Can and should the font Calibri be used in web sites?

http://en.wikipedia.org/wiki/Calibri

Thanks,
Miguel
Dec 3 '07 #1
5 1653
shapper wrote:
Hello,

Can and should the font Calibri be used in web sites?

http://en.wikipedia.org/wiki/Calibri
Well, the article you cite should give you a clue.

"Calibri is one of six new western (Latin, Greek and Cyrillic) ClearType
Collection typefaces that come with Microsoft Windows Vista."

So, if you use it on your Web site what are you going to do about
everyone who does NOT have Vista? Meaning /most/ people.

If you choose to use it make sure you specify alternate fonts in your
CSS as a fallback, e.g.:

font-family: Calibri, "Trebuchet MS", Arial, Helvetica, Geneva, Sans-Serif;

Not claiming that's the best set of alternatives but it's a safe one.

--
Ed Mullen
http://edmullen.net
http://mozilla.edmullen.net
http://abington.edmullen.net
A bird in the hand makes it difficult to blow your nose.
Dec 3 '07 #2
Felix Miata wrote:
You know you have the option to permit visitors to see the font they
prefer, right?
About 99% of the screen shots I see (and as a web developer in my
company I see plenty) the text is in the default "Times New Roman" font.
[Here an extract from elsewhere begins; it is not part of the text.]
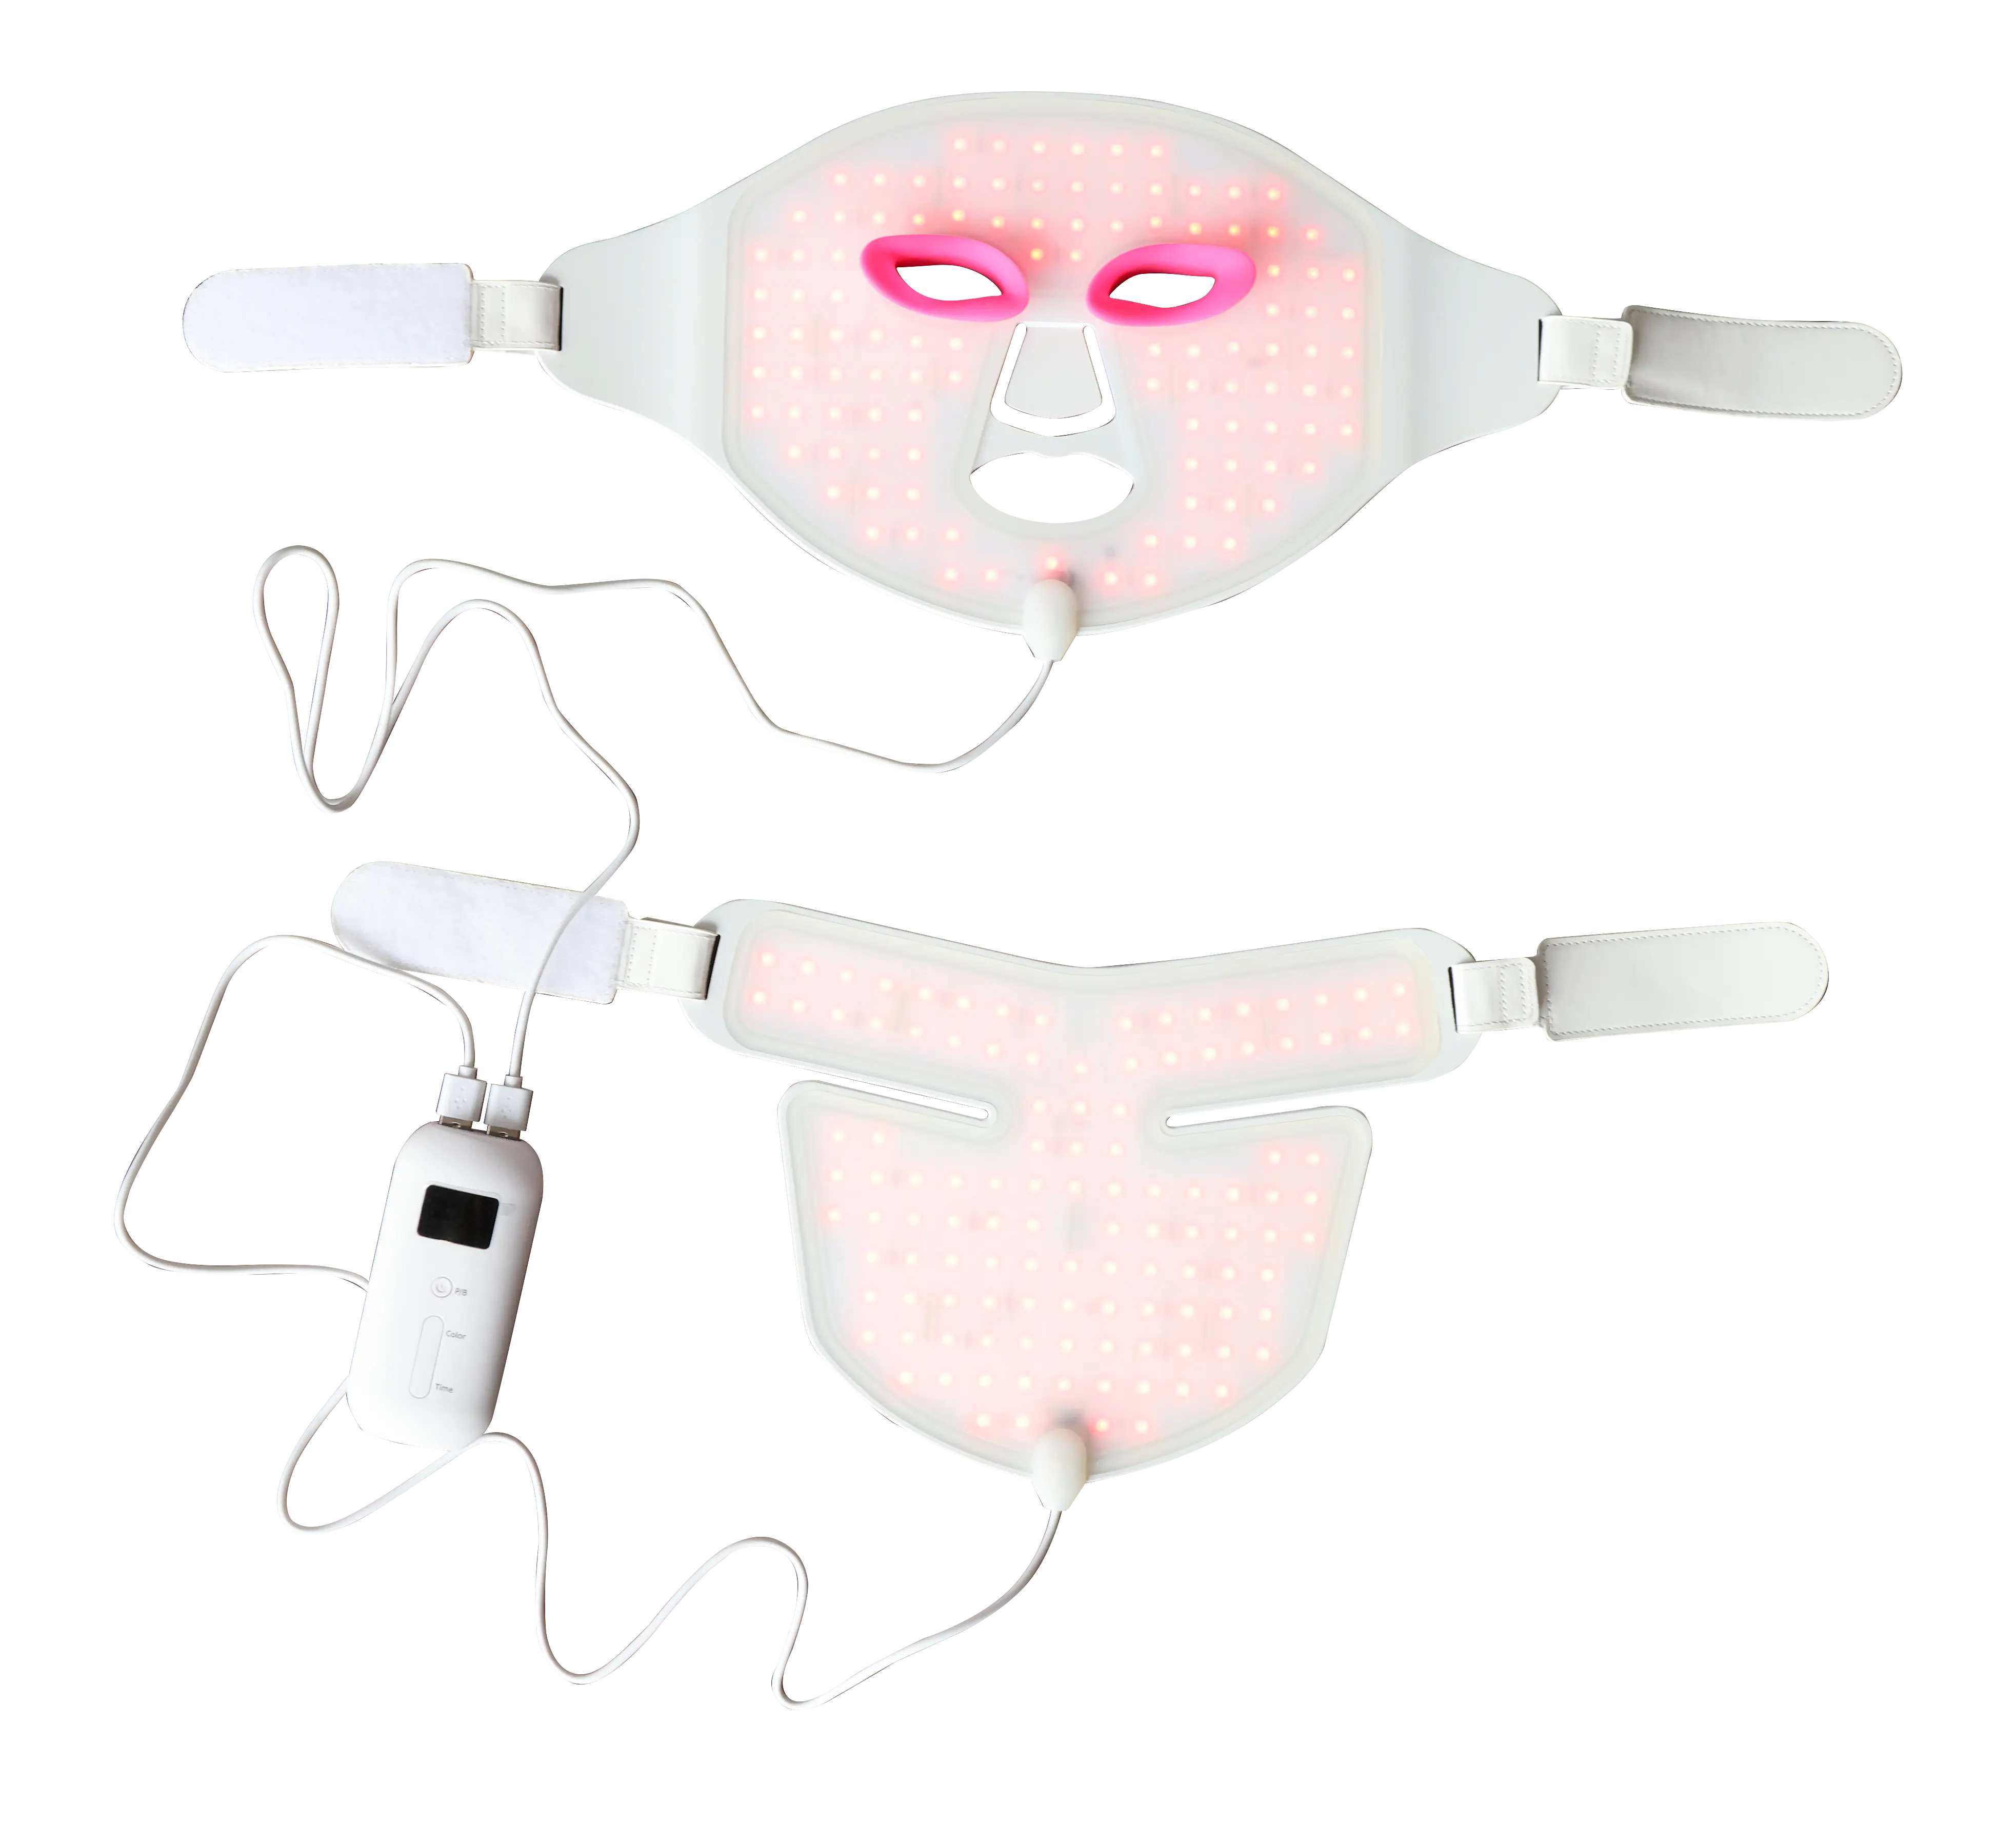 Shenzhen Ideatherapy nuovo dispositivo di bellezza colorato Led maschera facciale 7 colori luce per la cura della pelle del viso

Amongst the people I know who know how to change their browser default
fonts, about 1% chose Times New Roman.

So I would suggest that most people don't know how to exercise that right.

--
Steve Swift
http://www.swiftys.org.uk/swifty.html
http://www.ringers.org.uk
Dec 4 '07 #3
On Tue, 04 Dec 2007 07:10:50 +0100, Steve Swift <St***********@gmail.com>
wrote:
Felix Miata wrote:
>You know you have the option to permit visitors to see the font they
prefer, right?

About 99% of the screen shots I see (and as a web developer in my
company I see plenty) the text is in the default "Times New Roman" font.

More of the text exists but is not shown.